Are you thinking of generic sub-matrix views of 2 dimensional matrices, or just
sub-matrices that still correspond to contiguous memory?
I am keen on keeping the simplicity and efficiency related to being able to do
element-wise arithmetic operations on matrices in a single for loop.

Except for the multiplication, map and map2 do the job, no loop needed.

All specialised algorithms (from matrix multiplication downward) are done in
BLAS and LAPACK anyway.

They are slower for small matrices (< 50x50). Intel is developing a specialised
library for these small matrix operations, but the idea is around for 10 years
(since SSE2 is widely available). I mentioned the technic it in a paper in 2012
as a side result of speeding up particles tracking, thinking that it was not
important. Now Intel is/will be advertising this extension of the MKL.
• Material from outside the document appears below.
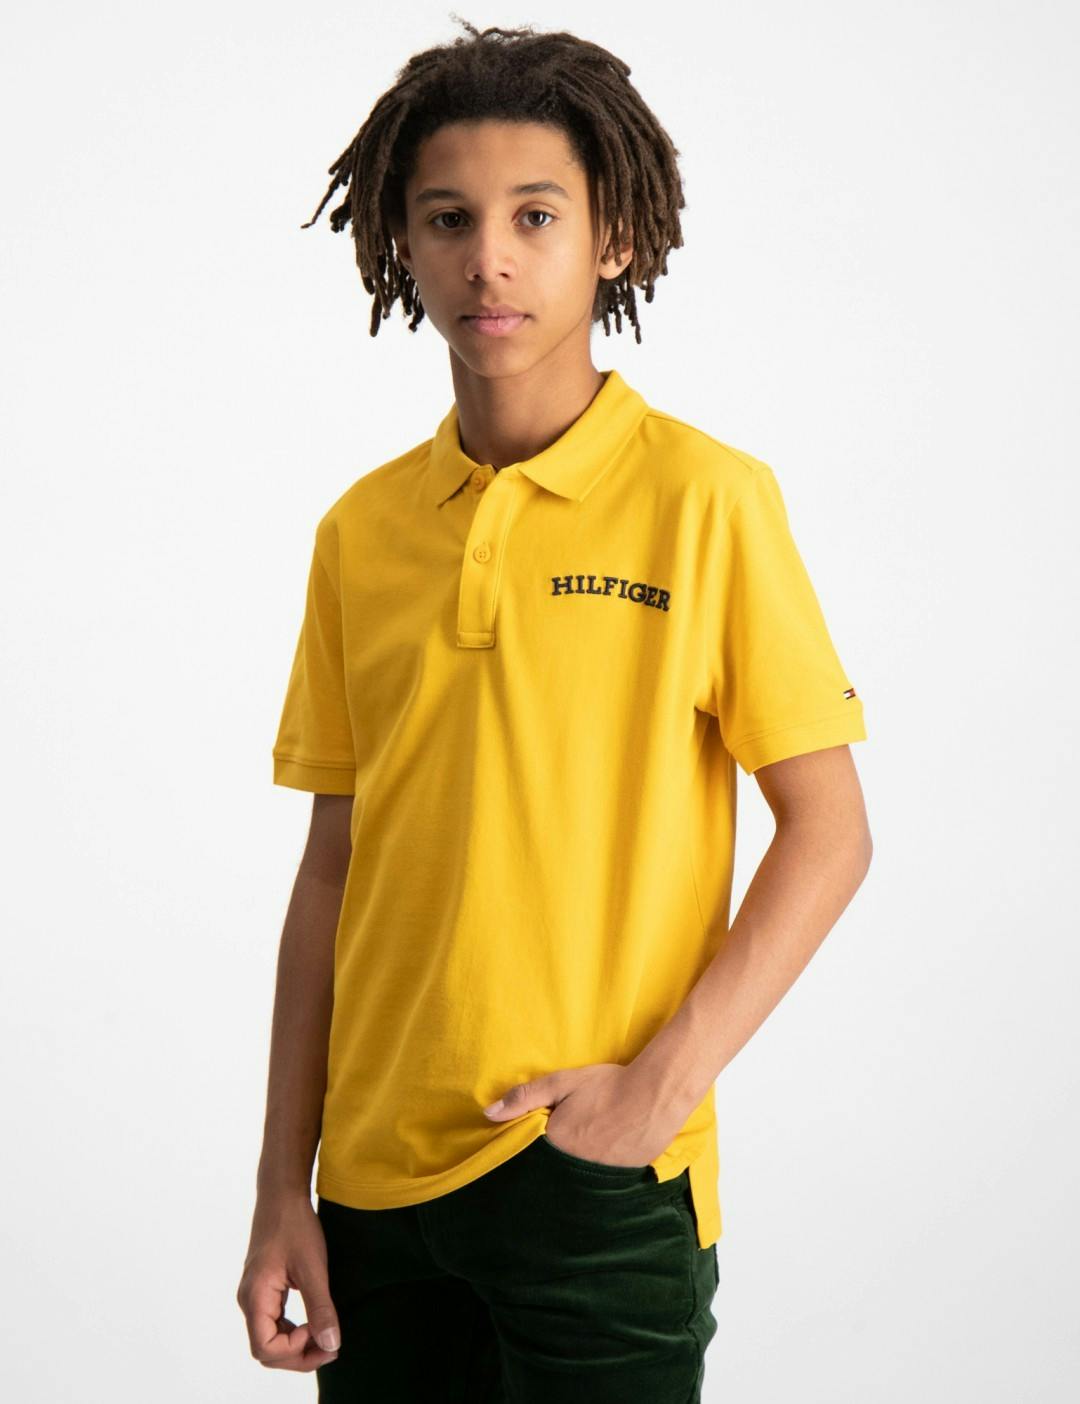 T-Shirt Kids Brand Polo Hilfiger Pique | Hemden Jugendliche und Kinder Tommy & für Store

Think of sorting part of a vector or computing the row-wise maximum of a
matrix.
As of now, I cannot do this without resorting to convoluted code as:

local subx = x:copy(5, 15) -- A newly allocated copy of the desired range.
table.sort(subx) -- Pure Lua algorithm at some point.
for i=5,15 do
x[i] = subx[i - 5 + 1]
end

When what I want is:
table.sort(x:sub(5, 15)) -- Intention is clear.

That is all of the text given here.